En cultivant et en faisant mûrir des tissus, la professeure Radisic développe des puces d’organes conçues pour imiter les maladies de patients de l’Hôpital général de Toronto et de l’Hôpital pour enfants malades, dans le but de tester des médicaments.

« Parlez-moi de moi. C’est ce qui intéresse les gens, n’est-ce pas ? »

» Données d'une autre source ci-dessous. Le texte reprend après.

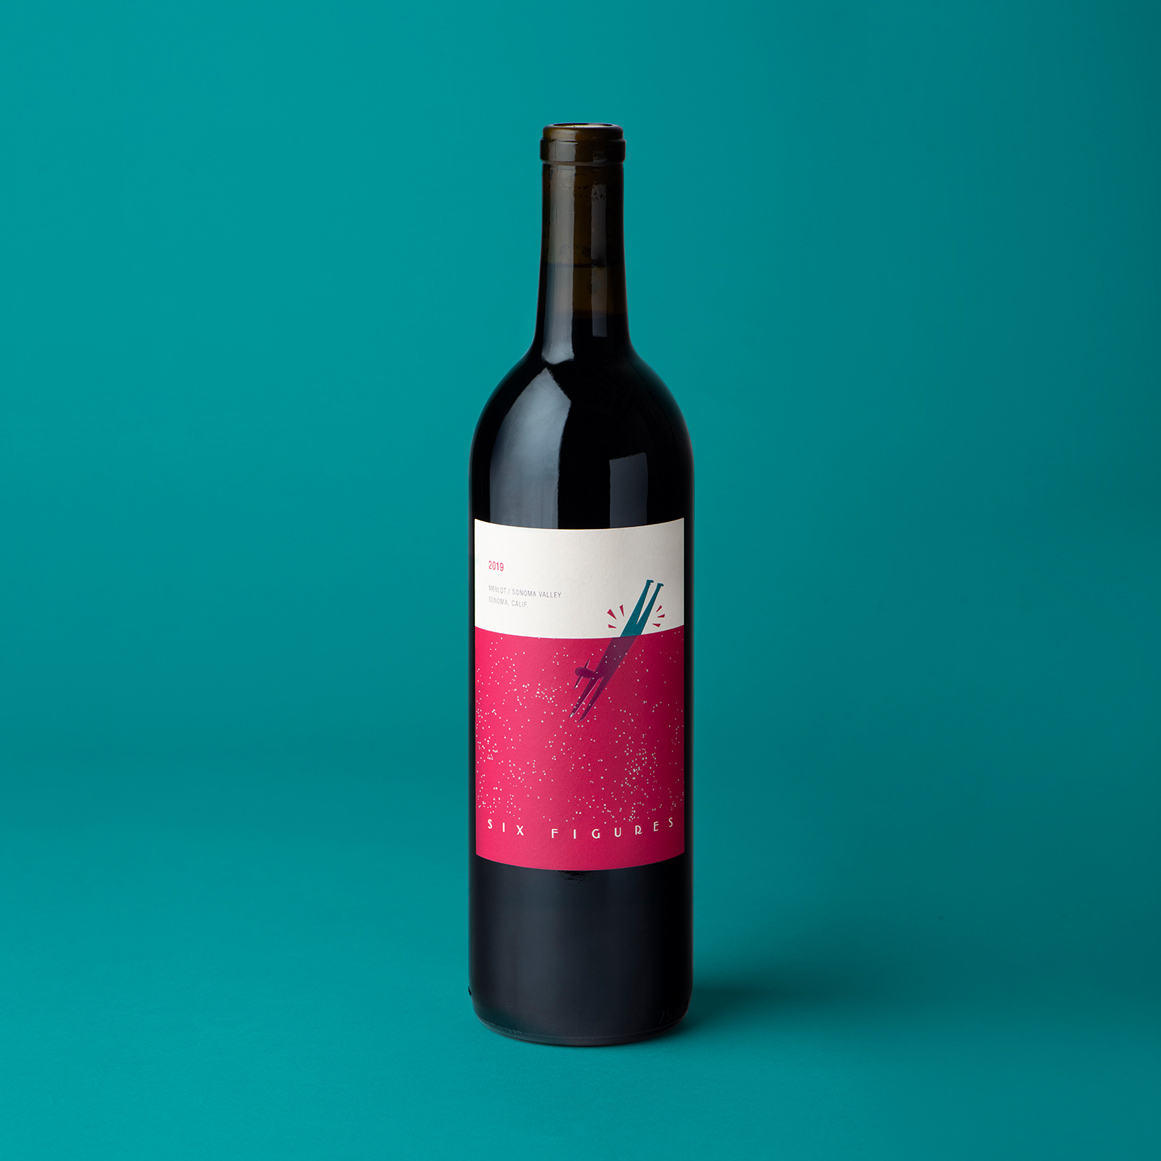 A bottle of Six Figures 2019 Merlot wine.

Milica Radisic, professeure de génie biomédical à l’Université de Toronto

Les organoïdes et les organes sur puce permettent aux scientifiques de déterminer précisément ce qui fonctionnera pour un patient donné. Dans une autre expérience, l’équipe du Dr Ferri à McGill a démontré qu’un médicament existant, utilisé pour réduire le cholestérol, pouvait améliorer l’efficacité de la chimiothérapie chez certains patients.

À l’avenir, la recherche sur le cancer, à l’instar de celle menée par le Dr Ferri, ouvre la voie à des traitements personnalisés, adaptés à la constitution génétique de chaque individu, comme l’explique Kalina Kamenova, bioéthicienne spécialisée dans la communication scientifique sur les cellules souches. Elle est également fondatrice et directrice de recherche de l’Institut canadien de génomique et société.

« Dans la pratique clinique, l’un des grands problèmes du futur sera de savoir comment étendre cette recherche ? compte tenu du coût. Comment pouvons-nous garantir qu’il apporte des bénéfices à tous les membres de la société, à tous ceux qui ont besoin de ce type de traitement ? »

Kalina Kamenova, bioéthicienne

Pour commencer à relever ces défis, le laboratoire du Dr Ferri reçoit déjà par courrier des échantillons de tumeurs de patients provenant de l’Ontario et du Manitoba, et prévoit d’étendre cette collaboration à la Colombie-Britannique. Le coût actuel de cette technologie peut atteindre 30 000 $ par échantillon de patient. Cependant, la professeure Radisic suggère que l’automatisation de la culture des organoïdes par des robots pourrait réduire les coûts à long terme en prenant en charge la maintenance quotidienne des cellules dans des conditions stériles.

Les opinions divergent quant à savoir si et quand les organes sur puce remplaceront entièrement l’utilisation d’animaux dans la recherche biomédicale. La professeure Radisic estime qu’il existe une « réelle opportunité » dans les 20 à 30 prochaines années de réduire considérablement le nombre d’animaux utilisés dans la découverte de médicaments, soulignant que « l’aspect du bien-être animal est souvent négligé ».